Prognostic and immune infiltration significance of ARID1A in TCGA molecular subtypes of gastric adenocarcinoma.

机构信息

Weihai Municipal Hospital, Shandong University, Weihai, China.

Department of Oncology, Shouguang People's Hospital, Weifang, China.

出版信息

Cancer Med. 2023 Aug;12(16):16716-16733. doi: 10.1002/cam4.6294. Epub 2023 Jun 27.

DOI:10.1002/cam4.6294
PMID:37366273
原文链接:https://pmc.ncbi.nlm.nih.gov/articles/PMC10501255/
Abstract

BACKGROUND

AT-rich interaction domain 1A (ARID1A) is an essential subunit of the switch/sucrose non-fermentable chromatin remodeling complex and is considered to be a tumor suppressor. The Cancer Genome Atlas (TCGA) molecular classification has deepened our understanding of gastric cancer at the molecular level. This study explored the significance of ARID1A expression in TCGA subtypes of gastric adenocarcinoma.

METHODS

We collected 1248 postoperative patients with gastric adenocarcinoma, constructed tissue microarrays, performed immunohistochemistry for ARID1A, and obtained correlations between ARID1A and clinicopathological variables. We then carried out the prognostic analysis of ARID1A in TCGA subtypes. Finally, we screened patients by random sampling and propensity score matching method and performed multiplex immunofluorescence to explore the effects of ARID1A on CD4, CD8, and PD-L1 expression in TCGA subtypes.

RESULTS

Seven variables independently associated with ARID1A were screened out: mismatch repair proteins, PD-L1, T stage, differentiation status, p53, E-cadherin, and EBER. The independent prognostic variables in the genomically stable (GS) subtype were N stage, M stage, T stage, chemotherapy, size, and ARID1A. PD-L1 expression was higher in the ARID1A negative group than in the ARID1A positive group in all TCGA subgroups.

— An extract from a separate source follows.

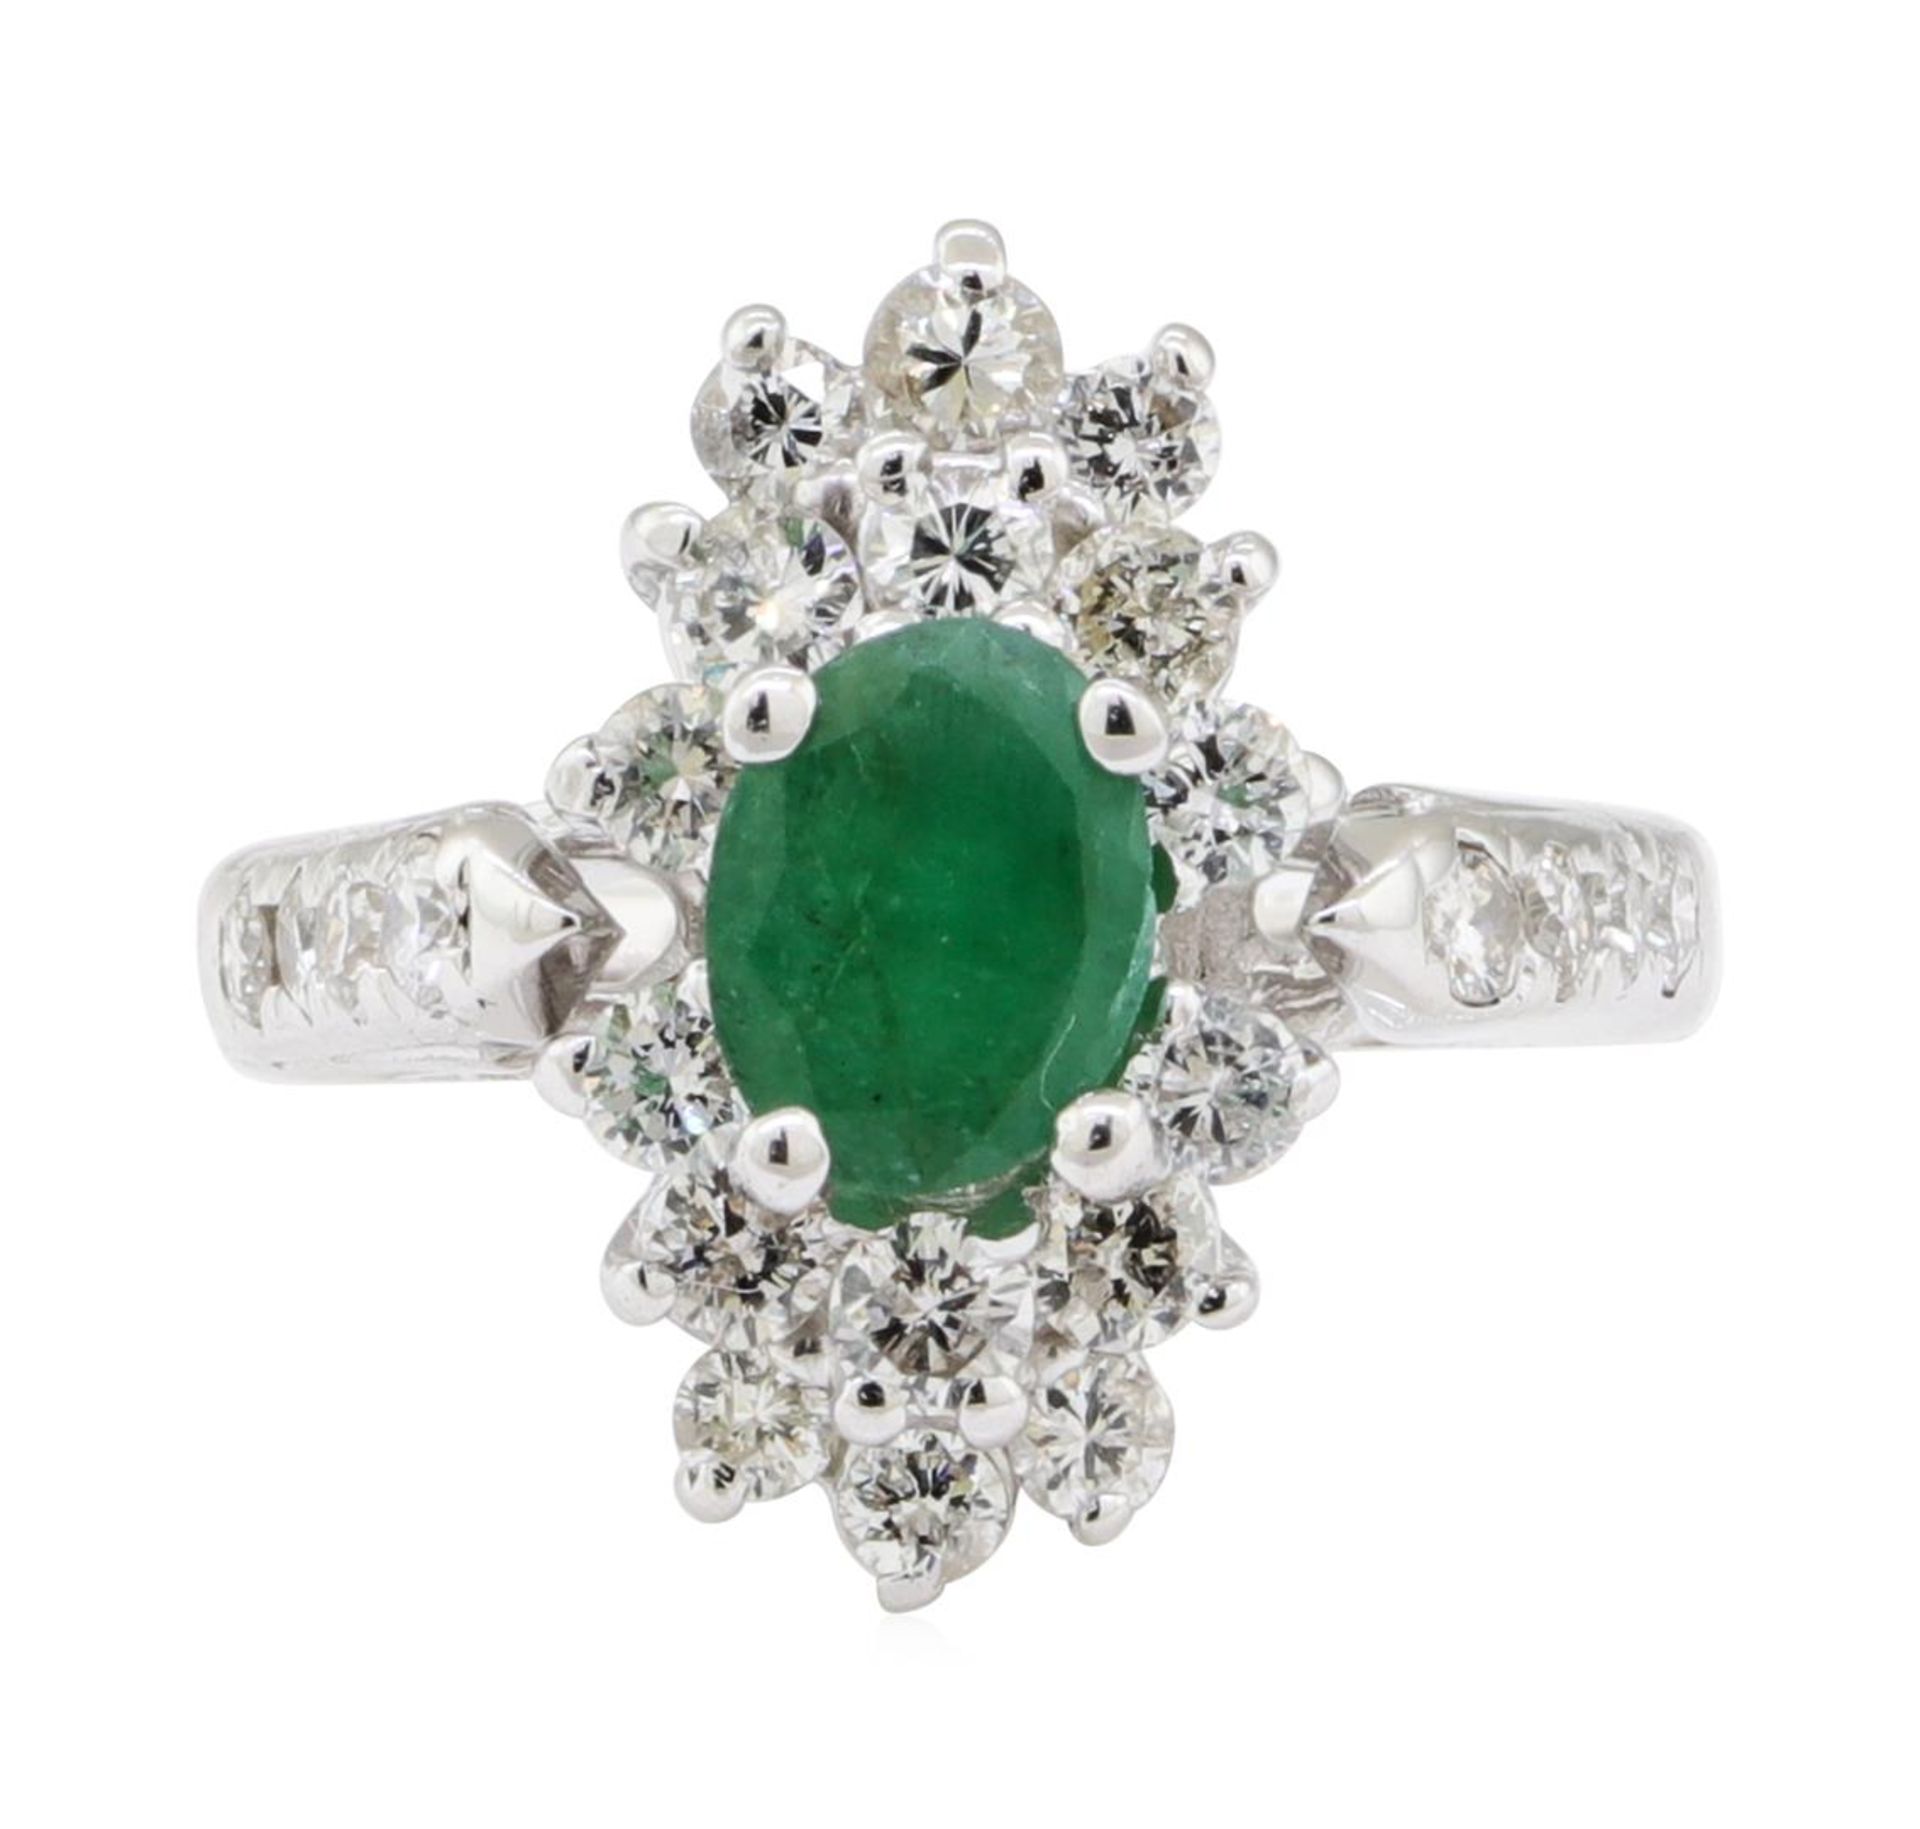 1.67 ctw Emerald and Diamond Ring - 14KT White Gold - Image 2 of 5

CD4 showed higher expression in the ARID1A negative group in most subtypes, while CD8 did not show the difference in most subtypes. When ARID1A was negative, PD-L1 expression was positively correlated with CD4/CD8 expression; while when ARID1A was positive, this correlation disappeared.

CONCLUSIONS

The negative expression of ARID1A occurred more frequently in the Epstein-Barr virus and microsatellite instability subtypes and was an independent adverse prognostic factor in the GS subtype. In the TCGA subtypes, ARID1A negative expression caused increased CD4 and PD-L1 expression, whereas CD8 expression appeared independent of ARID1A. The expression of CD4/CD8 induced by ARID1A negativity was accompanied by an increase in PD-L1 expression.

摘要

背景

富含 AT 相互作用结构域蛋白 1A(ARID1A)是 SWI/SNF 染色质重塑复合物的必需亚基,被认为是一种肿瘤抑制因子。癌症基因组图谱(TCGA)的分子分类在分子水平上加深了我们对胃癌的理解。本研究探讨了 ARID1A 在 TCGA 胃腺癌亚型中的表达意义。

方法

我们收集了 1248 例胃腺癌术后患者,构建组织微阵列,进行 ARID1A 的免疫组织化学染色,并获得 ARID1A 与临床病理变量之间的相关性。然后,我们对 TCGA 亚型中的 ARID1A 进行预后分析。最后,我们通过随机抽样和倾向评分匹配方法筛选患者,并进行多重免疫荧光检测,以探讨 ARID1A 对 TCGA 亚型中 CD4、CD8 和 PD-L1 表达的影响。

结果

筛选出与 ARID1A 相关的 7 个独立变量:错配修复蛋白、PD-L1、T 分期、分化状态、p53、E-钙黏蛋白和 EBER。在基因组稳定(GS)亚型中,独立的预后变量是 N 分期、M 分期、T 分期、化疗、肿瘤大小和 ARID1A。在所有 TCGA 亚组中,ARID1A 阴性组的 PD-L1 表达均高于 ARID1A 阳性组。在大多数亚型中,ARID1A 阴性组的 CD4 表达较高,而在大多数亚型中,CD8 表达没有差异。当 ARID1A 为阴性时,PD-L1 表达与 CD4/CD8 表达呈正相关;而当 ARID1A 为阳性时,这种相关性消失。

结论

ARID1A 阴性表达在 EBV 和微卫星不稳定亚型中更为常见,是 GS 亚型中独立的不良预后因素。在 TCGA 亚型中,ARID1A 阴性表达导致 CD4 和 PD-L1 表达增加,而 CD8 表达与 ARID1A 无关。ARID1A 阴性表达诱导的 CD4/CD8 表达增加伴随着 PD-L1 表达的增加。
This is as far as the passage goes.